● Exercise directions: The output is the lines below from the one with "<strong>Nach den Rams" through the one with "Jetzt ist es", both included, printed exactly and with no other line.

● Data supplied:
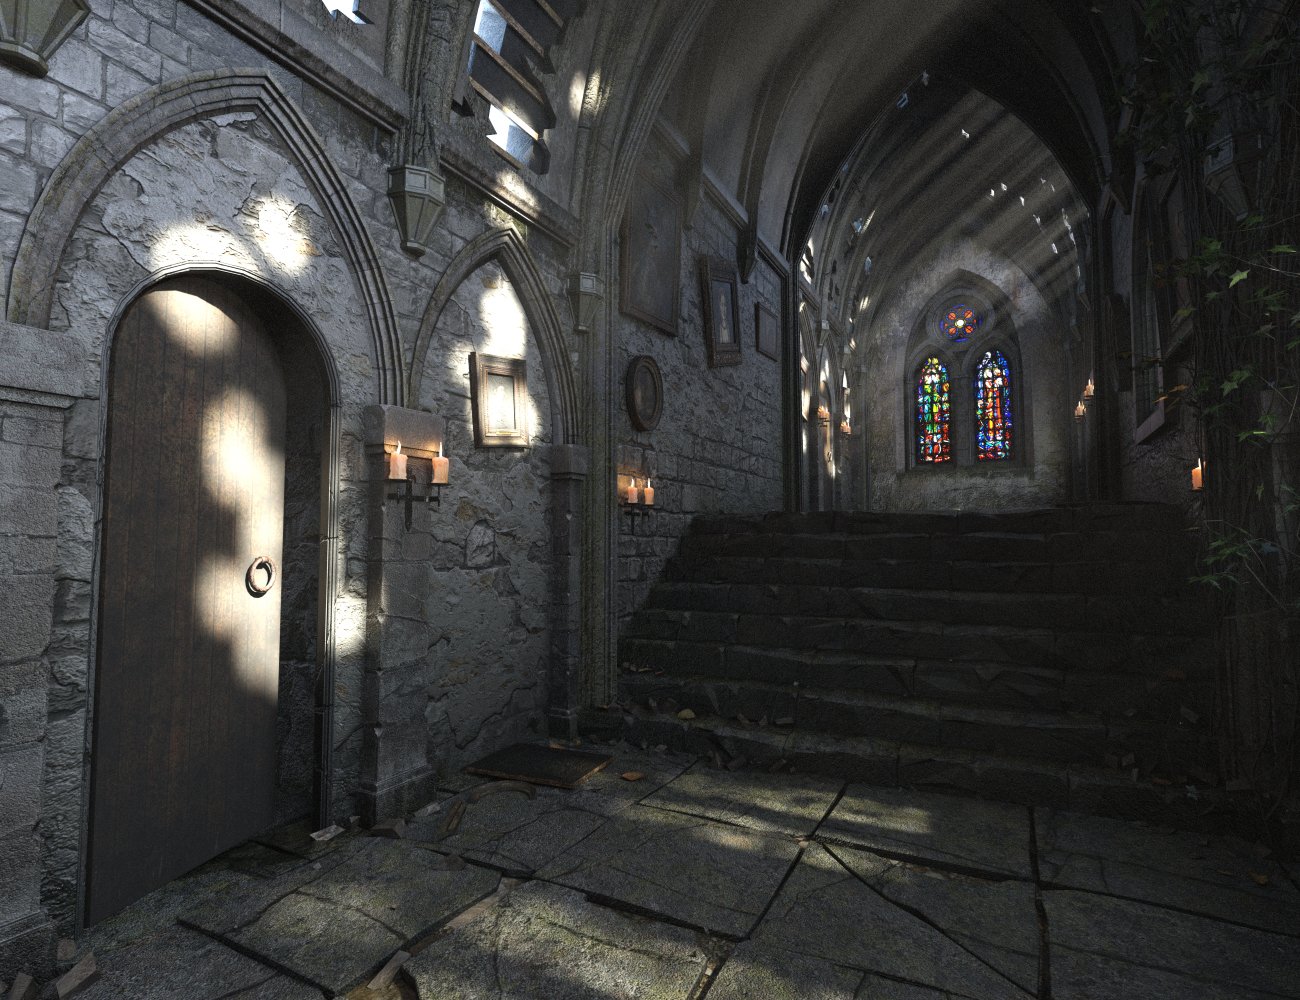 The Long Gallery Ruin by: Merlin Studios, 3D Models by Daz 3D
==
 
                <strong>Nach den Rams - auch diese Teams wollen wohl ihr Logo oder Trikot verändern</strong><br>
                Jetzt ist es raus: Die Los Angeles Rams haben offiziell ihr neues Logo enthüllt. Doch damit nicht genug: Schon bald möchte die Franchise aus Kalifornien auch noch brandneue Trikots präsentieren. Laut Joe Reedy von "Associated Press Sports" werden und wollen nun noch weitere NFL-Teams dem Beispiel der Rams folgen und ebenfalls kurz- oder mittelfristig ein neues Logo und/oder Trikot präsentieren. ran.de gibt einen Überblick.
---
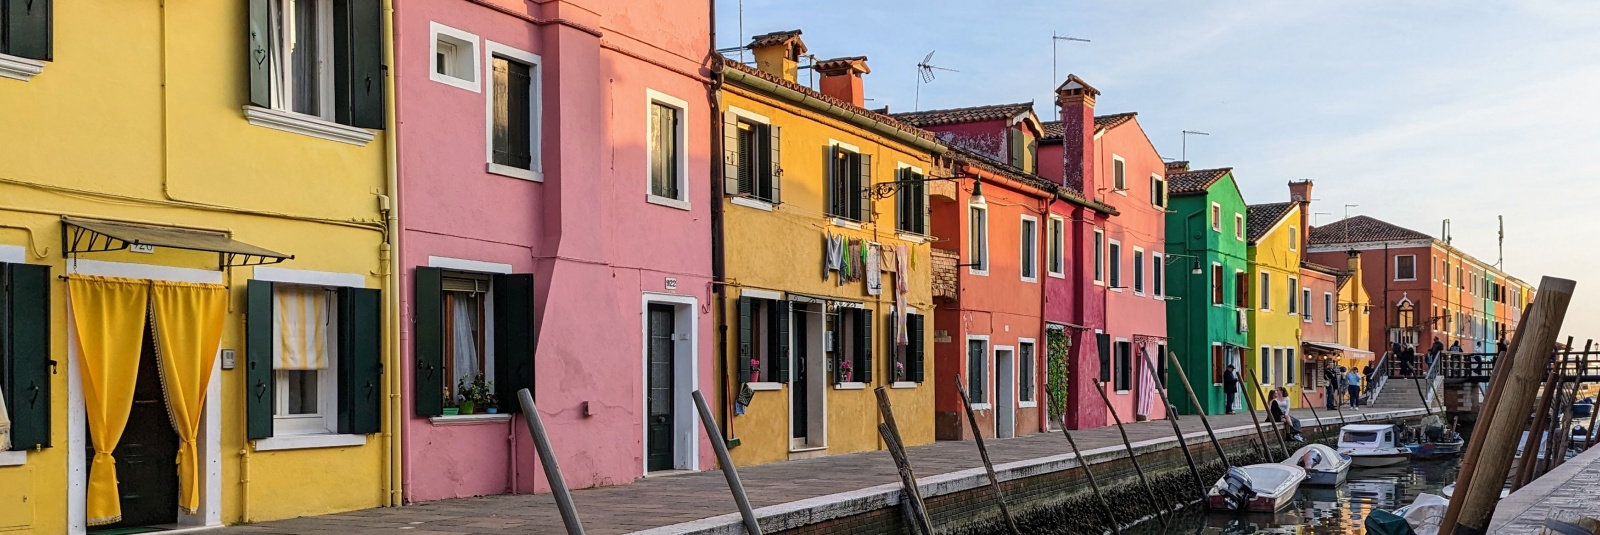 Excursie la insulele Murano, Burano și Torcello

● Task answer:
                <strong>Nach den Rams - auch diese Teams wollen wohl ihr Logo oder Trikot verändern</strong><br>
                Jetzt ist es raus: Die Los Angeles Rams haben offiziell ihr neues Logo enthüllt. Doch damit nicht genug: Schon bald möchte die Franchise aus Kalifornien auch noch brandneue Trikots präsentieren. Laut Joe Reedy von "Associated Press Sports" werden und wollen nun noch weitere NFL-Teams dem Beispiel der Rams folgen und ebenfalls kurz- oder mittelfristig ein neues Logo und/oder Trikot präsentieren. ran.de gibt einen Überblick.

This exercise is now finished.